Most of Christianity today is lived out of self-effort. Growing up in America, I’ve heard from a young age the concepts that

  • we can do anything we want
  • we need to pick ourselves up by the boot straps
  • we can be a self-made success

While it all sounds great, it’s not Biblical. I’m not suggesting we throw out work ethic and diligence (those are both important and Biblical), but we have taken the concept of I’m going to do it all and brought it into Christianity.

Christianity isn’t about what I can do for God, it’s about what He wants to do through me.

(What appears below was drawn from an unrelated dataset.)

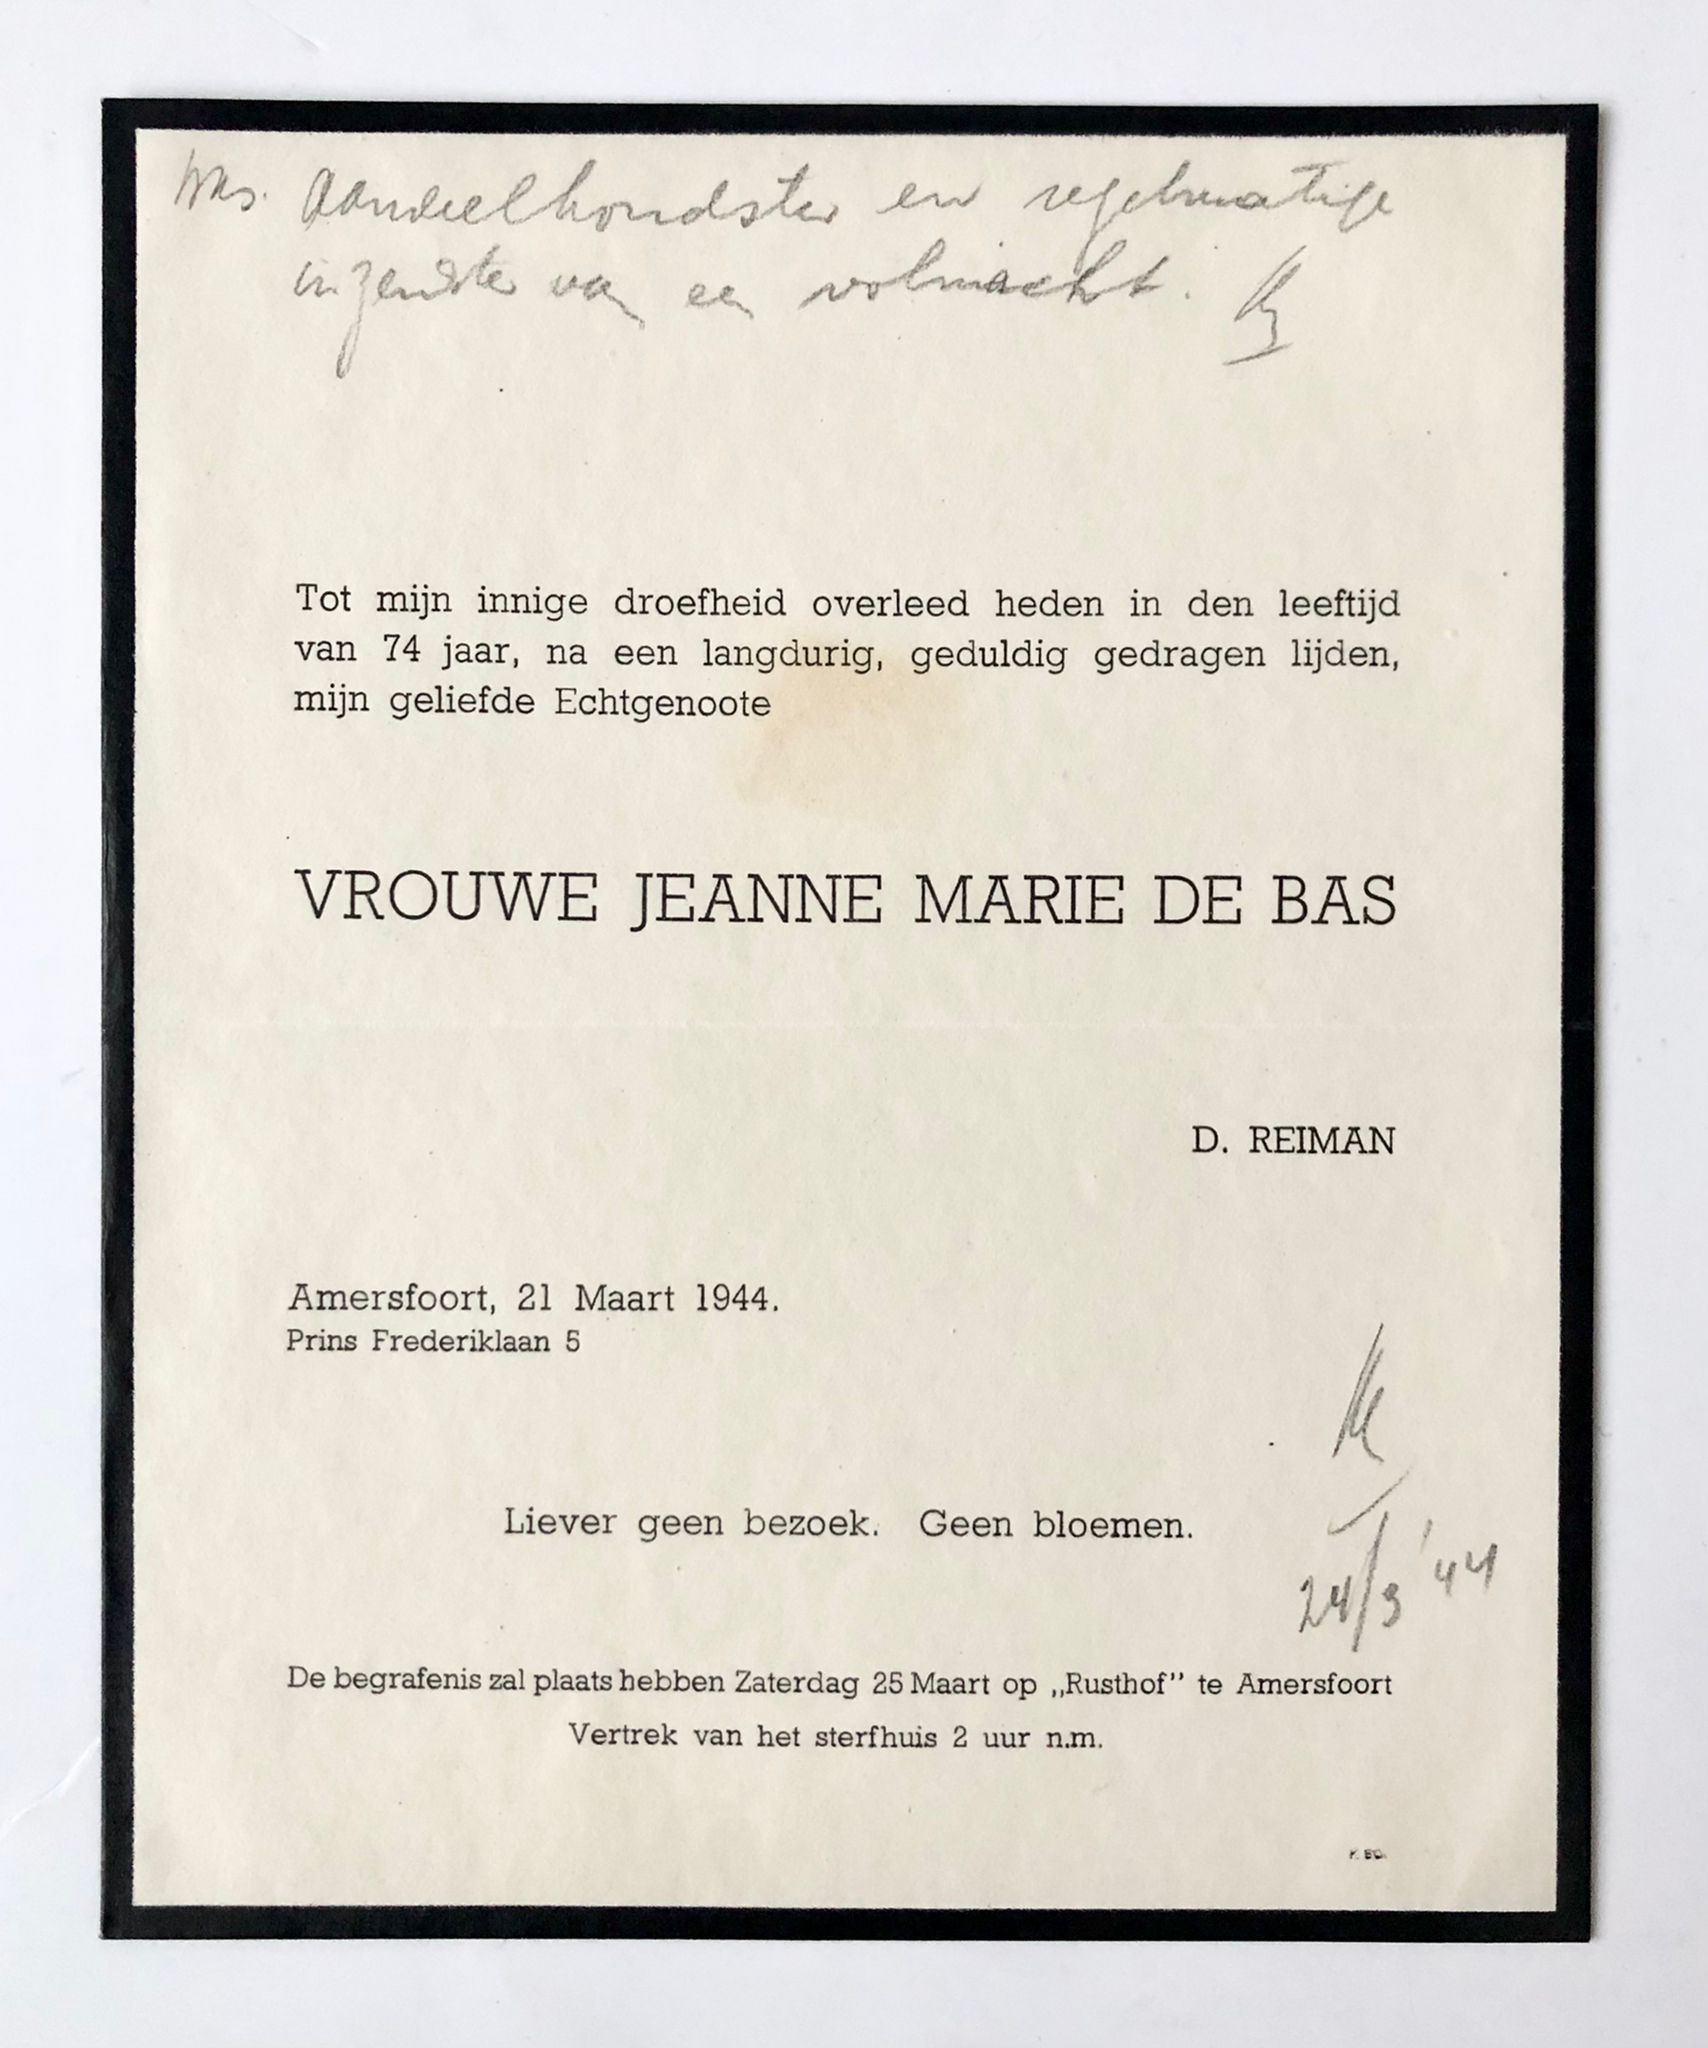  - [Printed death announcement 1944] Death announcement for Vrouwe Jeanne Marie (Reiman) de Bas. Amersfoort, 1944,m 1 p.

And there is a radical difference.

When a church is growing, we often point to the ability of the worship team or the communication skills of the pastor. When we start gaining ground over sin, we assume it is our willpower and determination that is making us strong.

The focus is inward, on ourselves.

But that is not Christianity.

The focus of Christianity is not upon myself but upon Christ. It’s not what I can pull off, perform, or proclaim. It’s all about Jesus. It’s not that I disappear or become a robot, rather, out of intimacy with Jesus, we live the Christian life together.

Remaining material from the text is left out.